Furthermore, a plurality of downlink air holes are further formed in each side lower air passage bottom plate, and the downlink air holes formed in the two side lower air passage bottom plates are consistent in number and symmetrical in position.

Furthermore, a side lower air flue air quantity adjusting plate is further arranged on the side lower air flue air inlet, and the bottom of the side lower air flue air quantity adjusting plate is rotatably arranged at the joint of the side lower air flue bottom plate and the power cavity bottom plate.

Further, the downward air holes are further provided with a downward air hole translation adjusting plate and a downward air hole corner adjusting plate, the downward air hole translation adjusting plate can be slidably arranged on the lateral lower air passage base plate, and the downward air hole corner adjusting plate can be rotatably arranged on the lateral lower air passage base plate.

Furthermore, a side lower nozzle adjusting plate is further arranged on the side lower nozzle, a tail nozzle adjusting plate is further arranged on the tail nozzle, the side lower nozzle adjusting plate is rotatably arranged on a shell at the rear end of the passenger cargo compartment, and the tail nozzle adjusting plate is rotatably arranged at the rear ends of the passenger cargo compartment bottom plate and the side lower nozzle bottom plate.

Furthermore, the rail holding windward plate is rotatably arranged on the power cavity bottom plate.

Furthermore, preceding top sheave, back top sheave, side pulley and bottom sheave all be a set of at least, every group is two and the symmetry sets up.

Preferably, the annular rail holding box and the shell are integrally formed, or are produced separately from the shell and are installed in an assembling mode.

Furthermore, the number of the jet machines is at least one, the rotating speed of the jet machines can be adjusted, and the energy supply mode of the jet machines is one of fuel oil, fuel gas, hydrogen fuel cells, high-pressure gas storage tanks, storage batteries or electric power.

Preferably, the pulley is at least one of a ball bearing pulley, a magnetic suspension bearing pulley, a gas suspension bearing pulley and a ceramic bearing pulley, and the pulley is made of at least one of all steel, rubber tire or a new composite material.

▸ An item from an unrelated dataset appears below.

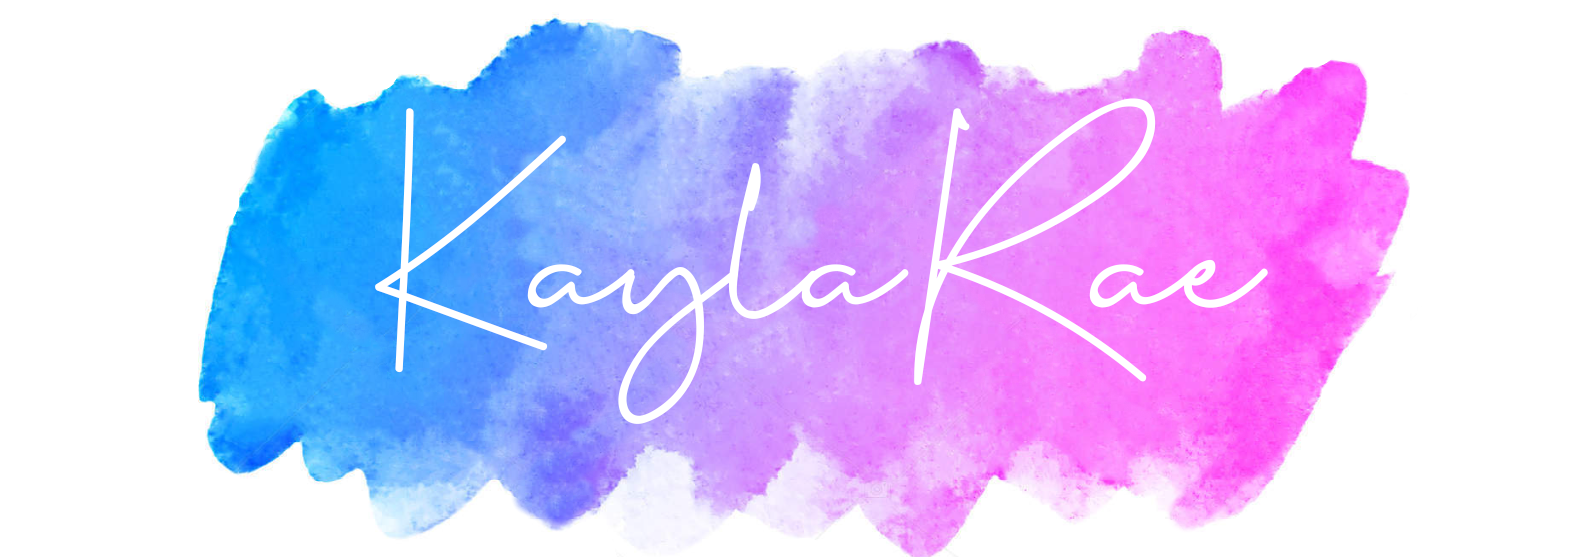 KaylaRae Full - KaylaRae.png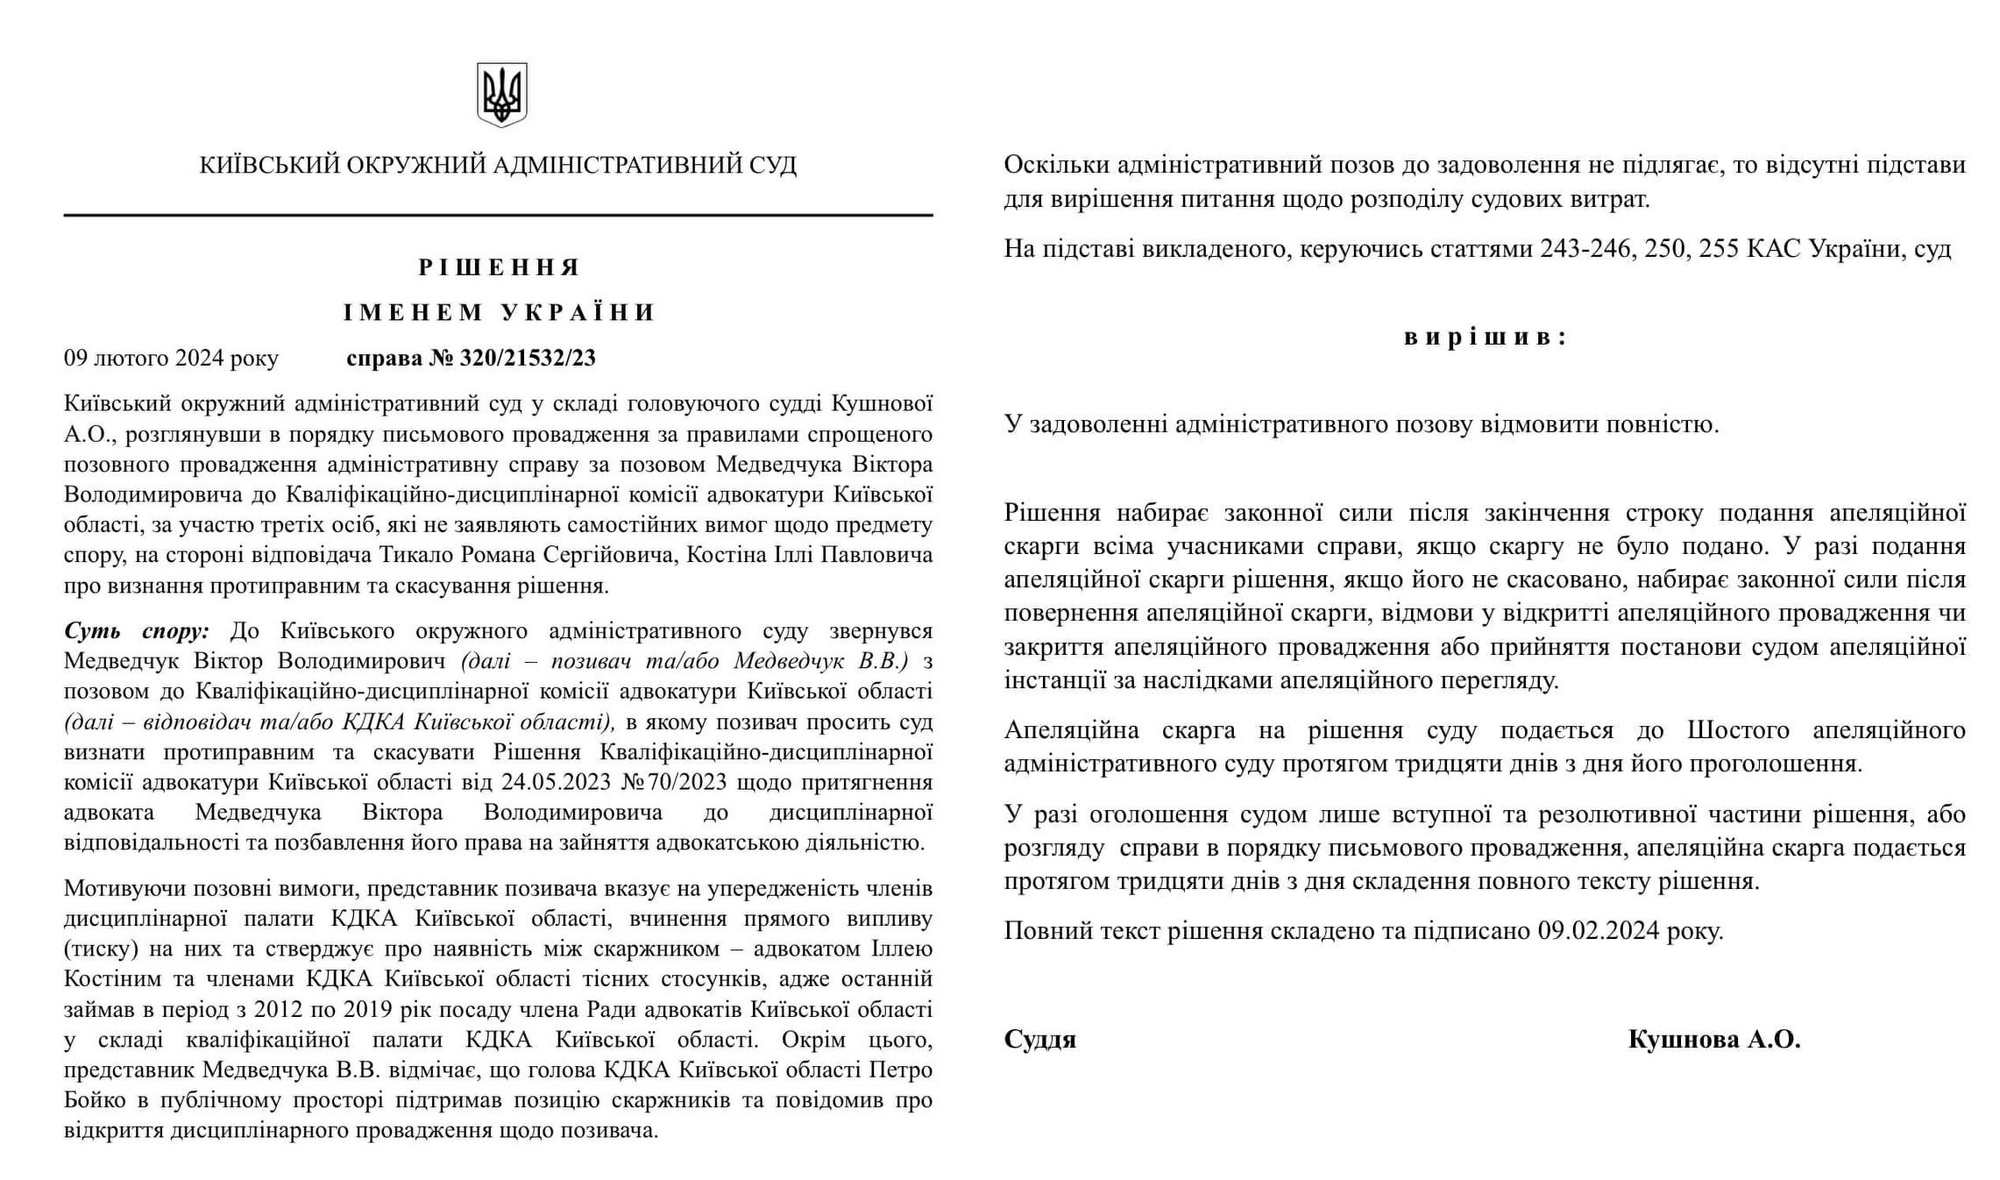 Киевский окружной админсуд отказал Виктору Медведчуку в обновлении свидетельства адвоката

Compared with the prior art, the invention has the following beneficial effects:

1. the front end of the jet engine in the rail transit device sucks air from the air inlet of the power cavity and then enters the side lower air passage, high-pressure gas in the side lower air passage enters the rail holding suspension cavity through the side lower nozzle and the downlink air hole, and the rail exists in the rail holding suspension cavity, so that the high-pressure gas can only circulate in the rail holding suspension cavity air passage formed between the annular rail holding box and the rail device, and an air cushion is formed to generate lift force due to the limited air pressure of exhaust; meanwhile, in the forward movement of the rail transit device, the gas entering from the air inlet of the rail holding suspension cavity generates a ground effect lift force between the windward plate, the power cavity bottom plate, the side lower air passage bottom plate and the bottom of the passenger and cargo compartment and the surface of the rail device; the lifting forces generated by the two mechanisms act together to form high-pressure air cushion suspension, and the rail transit device provided by the invention is supported to suspend on the rail device and fly at high speed without friction. The gas entering from the gas inlet of the power cavity and the gas inlet of the rail holding suspension cavity is discharged to the lower part of the rail through a gap between the annular rail holding box and the rail device, and the rest of the gas is sprayed out from the tail nozzle and the side lower nozzle to generate forward power.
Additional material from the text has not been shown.